WellSaid Labs, whose tools produce synthetic speech that could be mistaken for reality, raised $ 10 million for the Series A to help grow the business. The company’s homemade text-to-speech engine works faster than real-time, producing natural-sounding clips of pretty much any length, from quick snippets to hour-long readings.
WellSaid emerged from the Allen Institute for AI Incubator in 2019, and its goal was to create synthetic voices that wouldn’t sound as robotic for general business purposes such as training and marketing content.
The company initially achieved this by basing its solution on Tacotron, a language engine developed by Google and academic researchers. But soon it had built its own that was more efficient, produced more compelling voices, and could produce clips of any length. Talking machines often turn off after a few sentences, lapse into chatter, or lose the tone, but WellSaid read Mary Shelley’s Frankenstein without any hiccups.
The voices were good enough for the audience to rate them as human or as good as human – not something to be said about the usual virtual assistant suspects when they speak more than a handful of words. Additionally, speech was generated significantly faster than real-time, where other high-quality options often ran at a tenth of real-time or slower – meaning three minutes of speech would take a minute from WellSaid and half an hour or more from Tacotron.
Finally, the system enables the creation of new “voice avatars” based on existing speakers, such as a trusted company spokesperson or voice-over artist. It originally took around 20 hours of audio to model their quirks and vocal style, but now it can be done in just 2 hours, said CEO Matt Hocking.

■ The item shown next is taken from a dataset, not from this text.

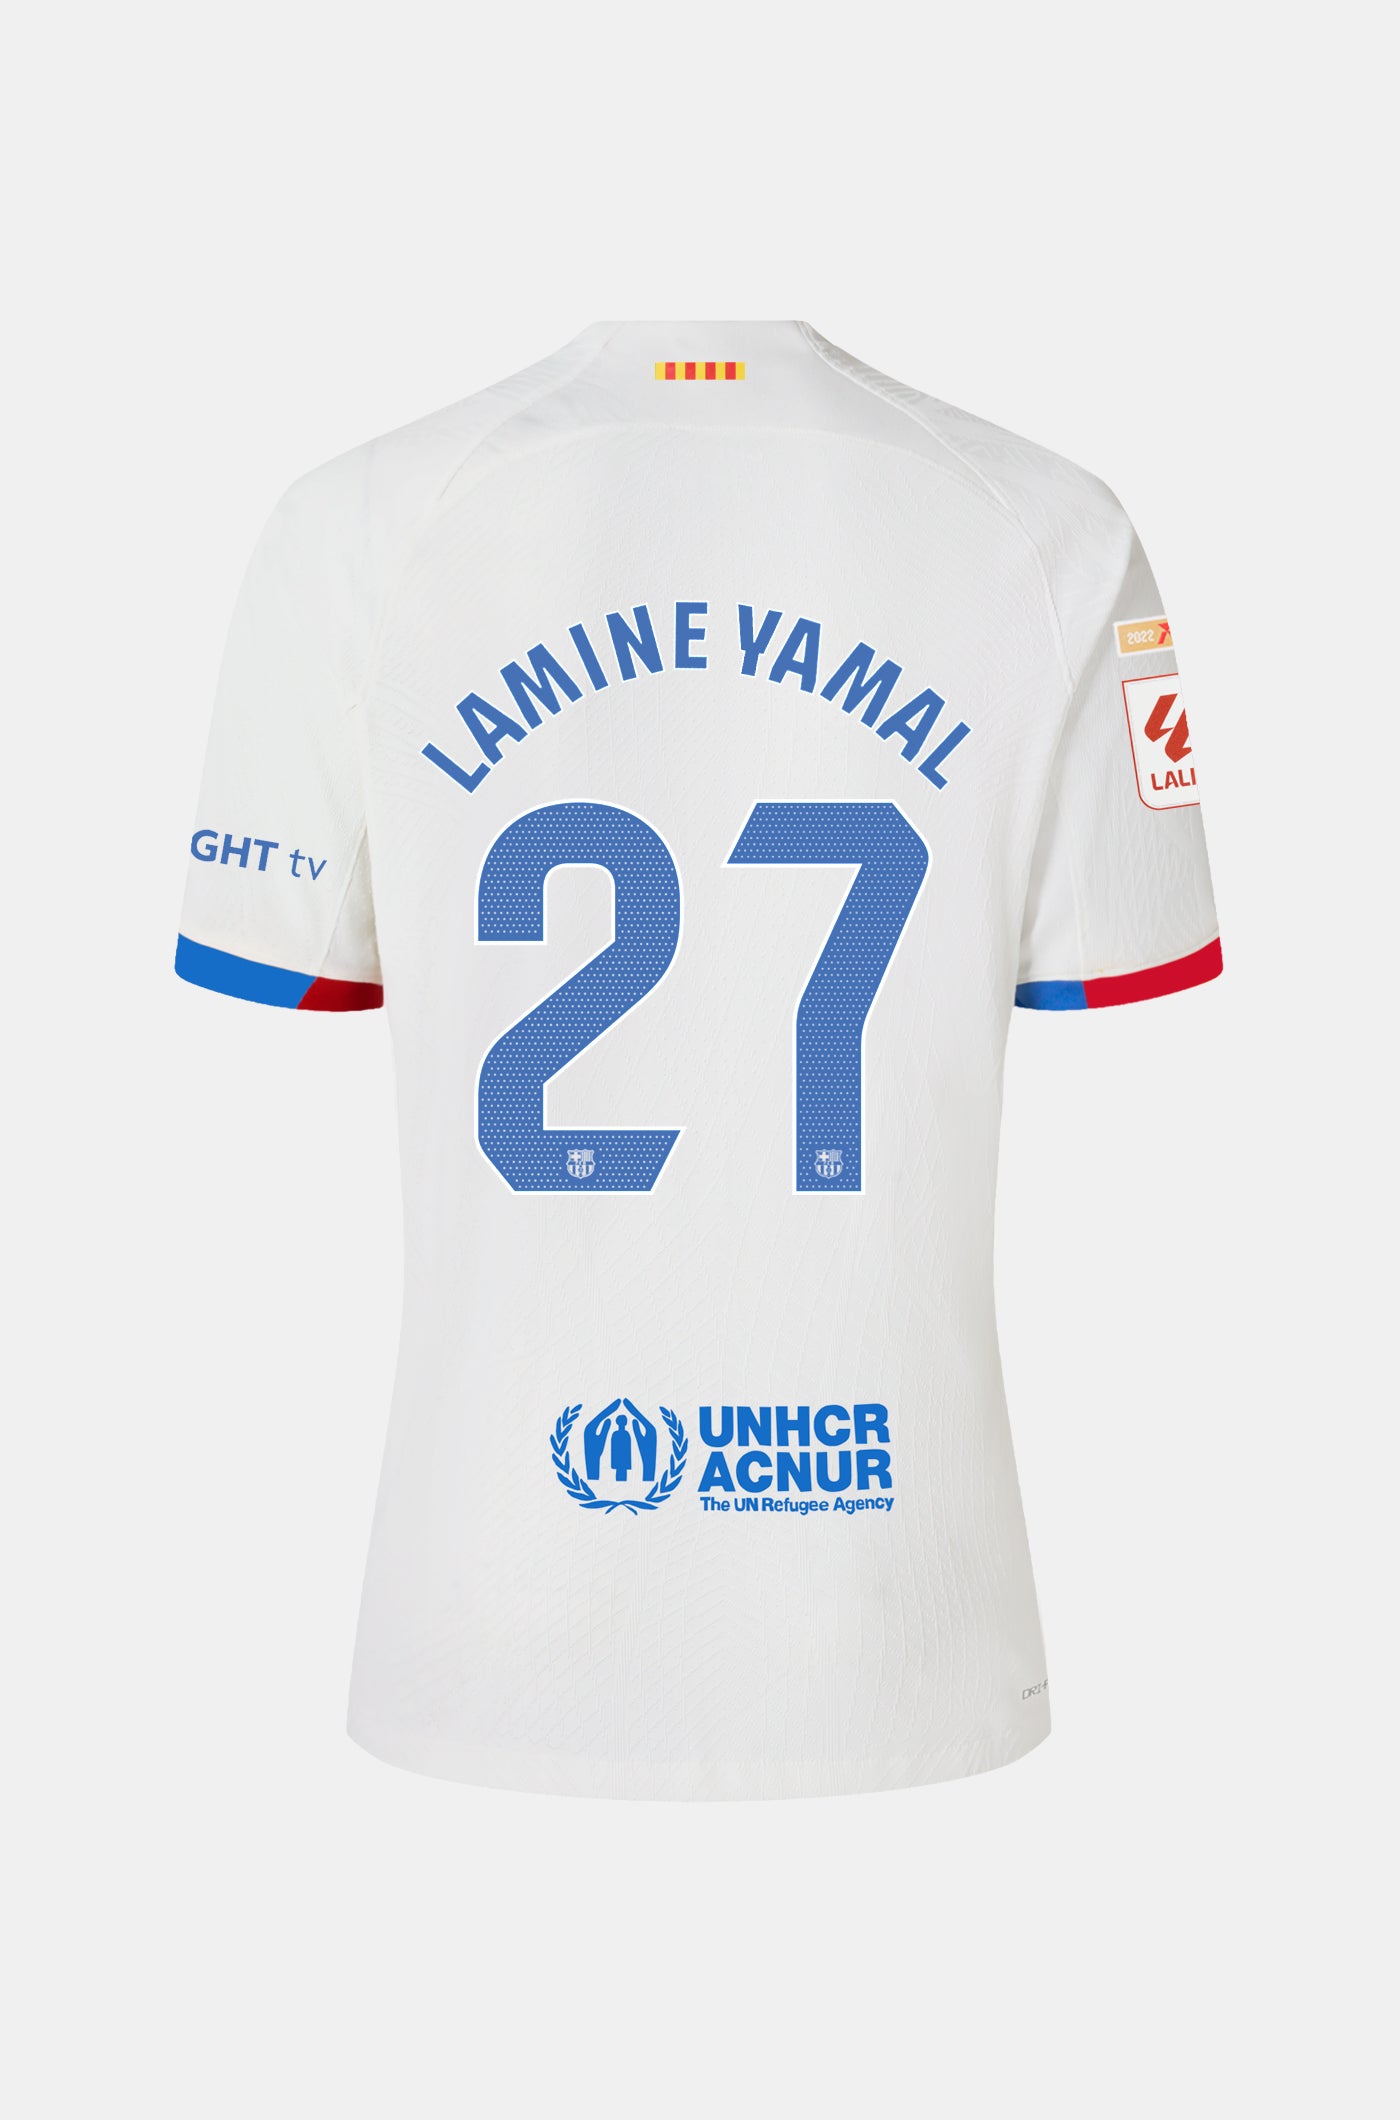 LFP FC Barcelona Away Shirt 23/24 Player’s Edition - Women - LAMINE YAMAL

The company is currently strictly business-oriented, which means there is no user-oriented app to digitize your voice into an avatar or anything like that. There are risks involved and no realistic business model for it, so that’s off the table for now.
Such a realistic voice could still be of tremendous help to people with disabilities, but Hocking admits but admits they are not quite ready to deal with it just yet.
“We are committed to expanding access to this technology so that non-verbal communicators, nonprofits and others can benefit from it,” he said.
In the meantime, the company has grown from its first market, corporate training videos, to marketing, longer texts, interactive products with extensive texts and app experience. It is hoped that the talent on which these avatars are based will be adequately compensated for creating a digital representation of their voice.
The oversubscribed $ 10 million round was led by FUSE, with the participation of repeat investor Voyager, Qualcomm Ventures LLC and GoodFriends, all of whom were likely impressed with the product and business growth. Synthetic voices served a handful of popular use cases, but the content wasn’t huge – so there’s plenty of room to grow. The company will invest the money in deepening its product offering and expanding the team.